» Activity:
Repeat the listing below line by line, exactly, leaving its pictures behind.

» Provided data:
===============

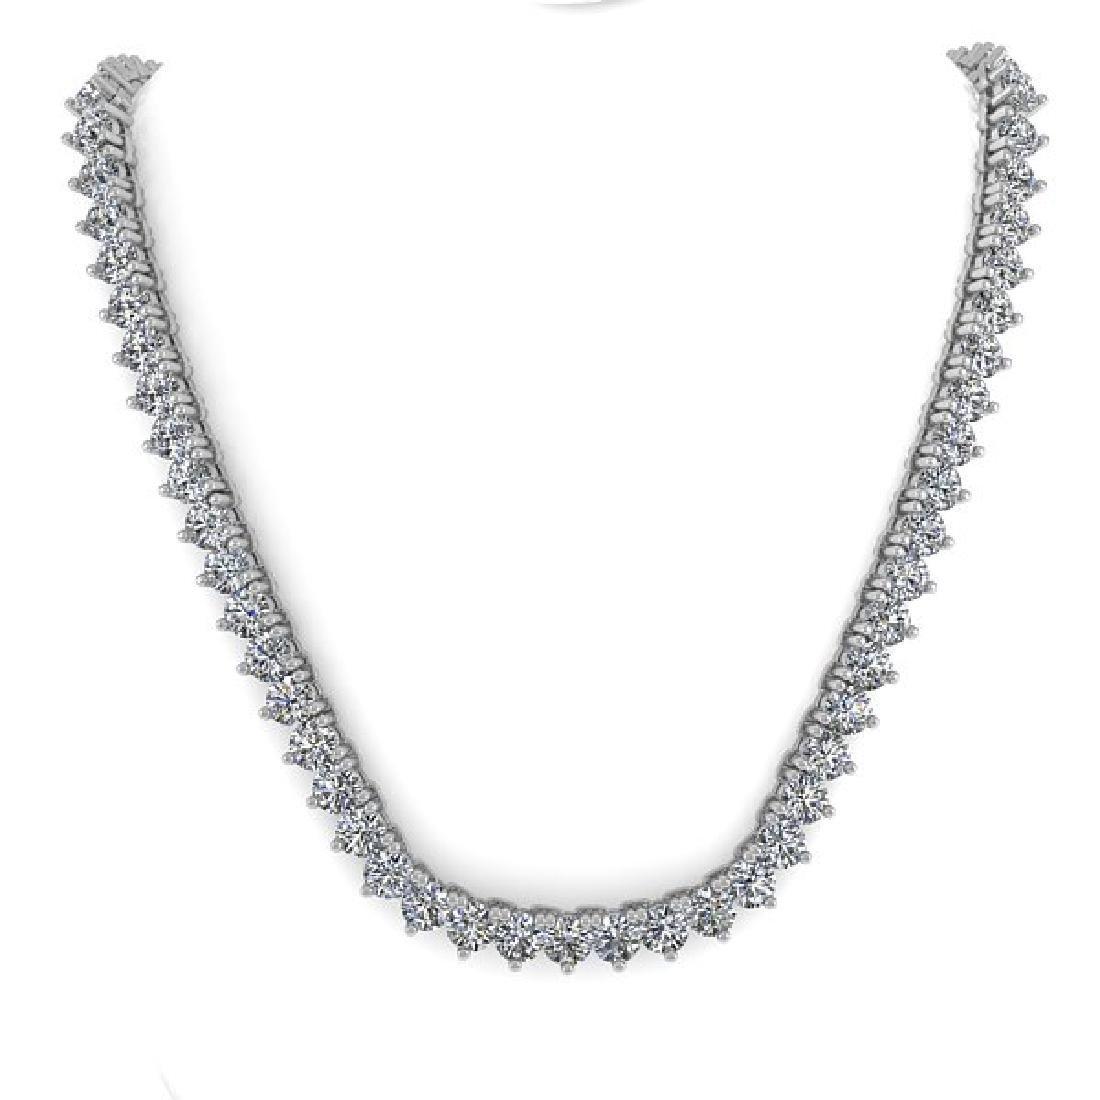 45 CTW Solitaire SI Diamond Necklace 14K White Gold - 3
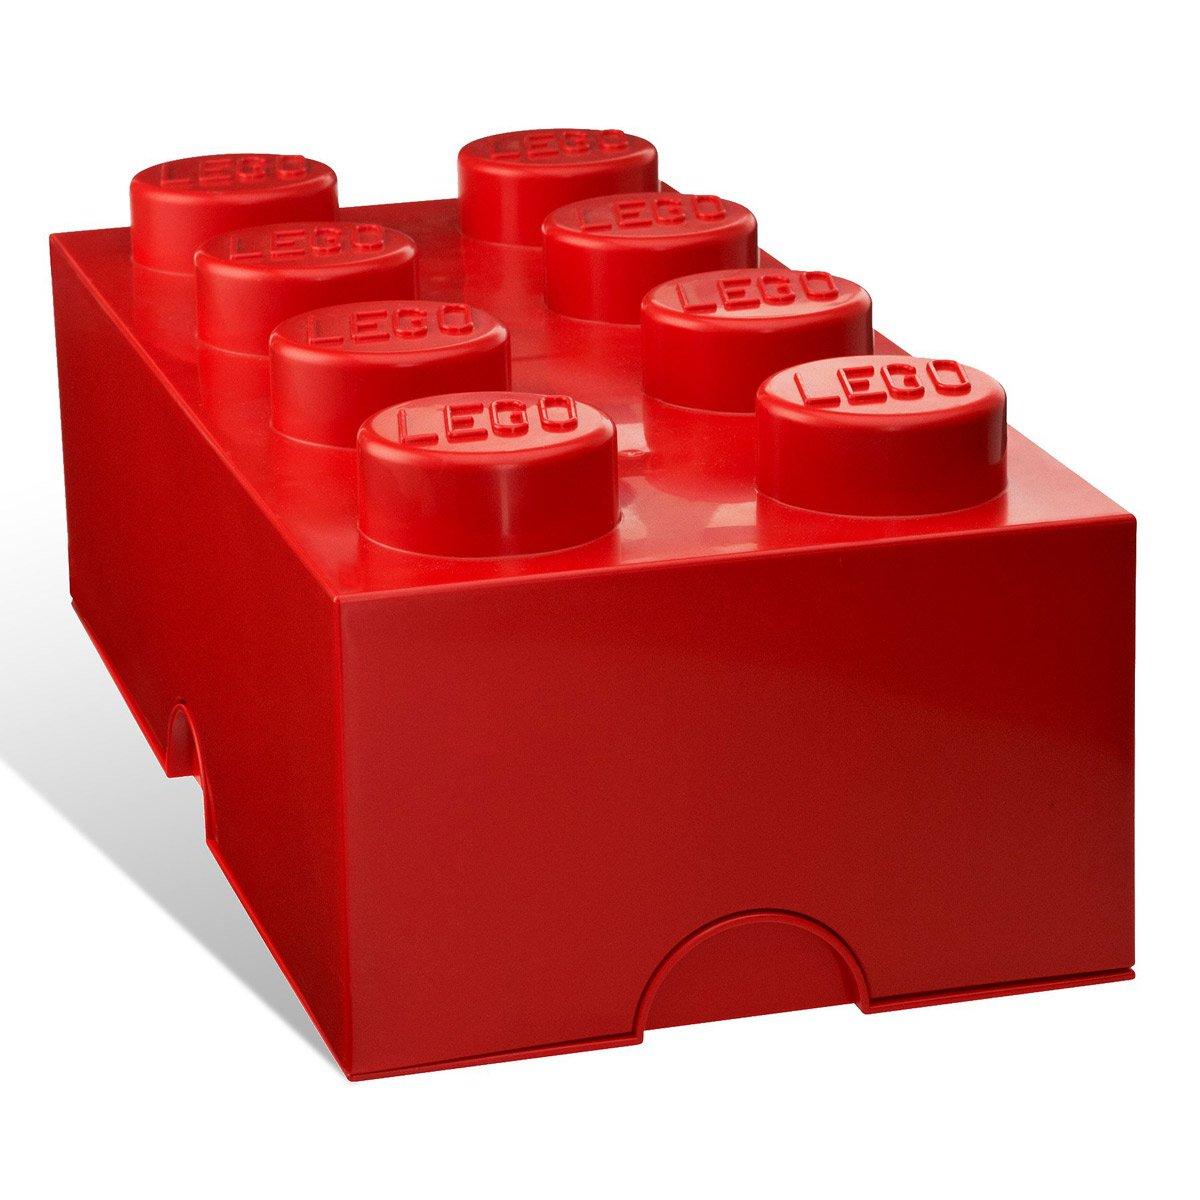 Massive lego stackable storage bricks the green head - Lego boite rangement ...
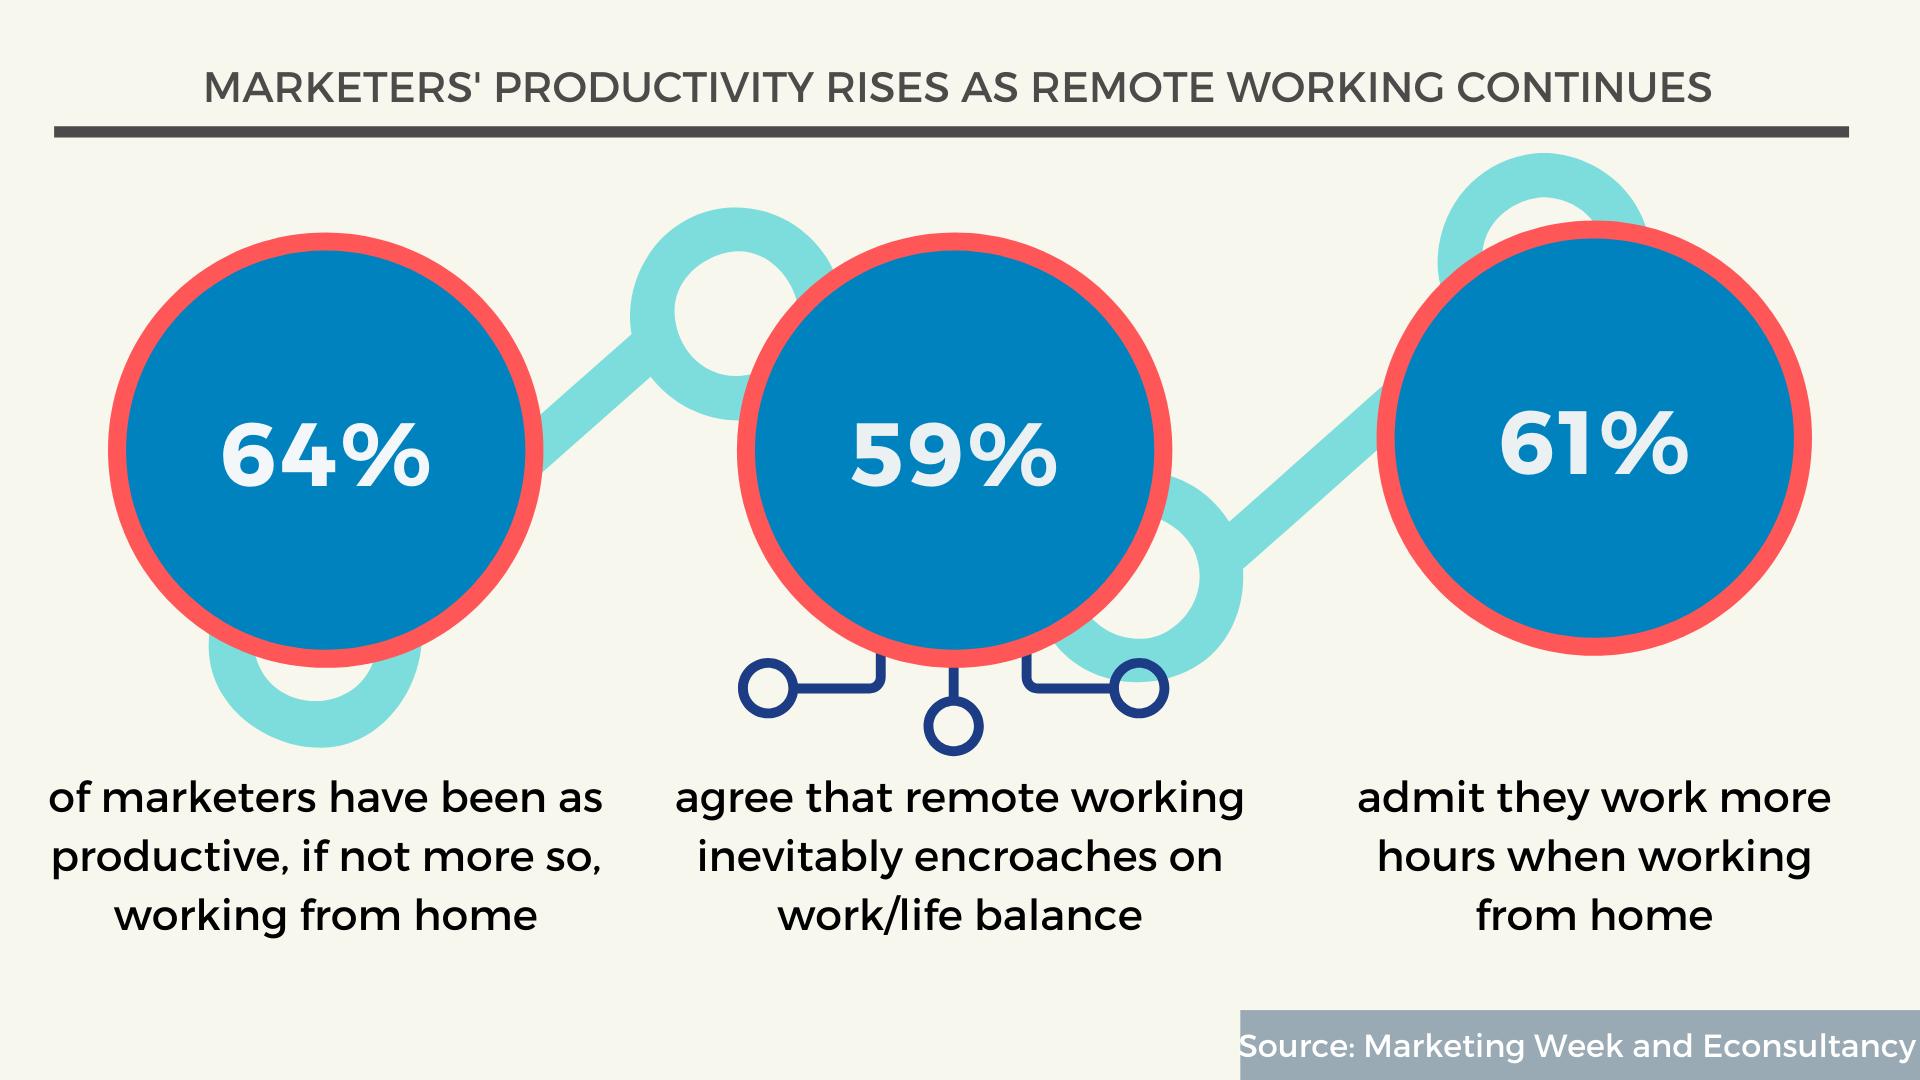 Marketers productivity

===============

» Result of this task:
 45 CTW Solitaire SI Diamond Necklace 14K White Gold - 3
 Massive lego stackable storage bricks the green head - Lego boite rangement ...
 Marketers productivity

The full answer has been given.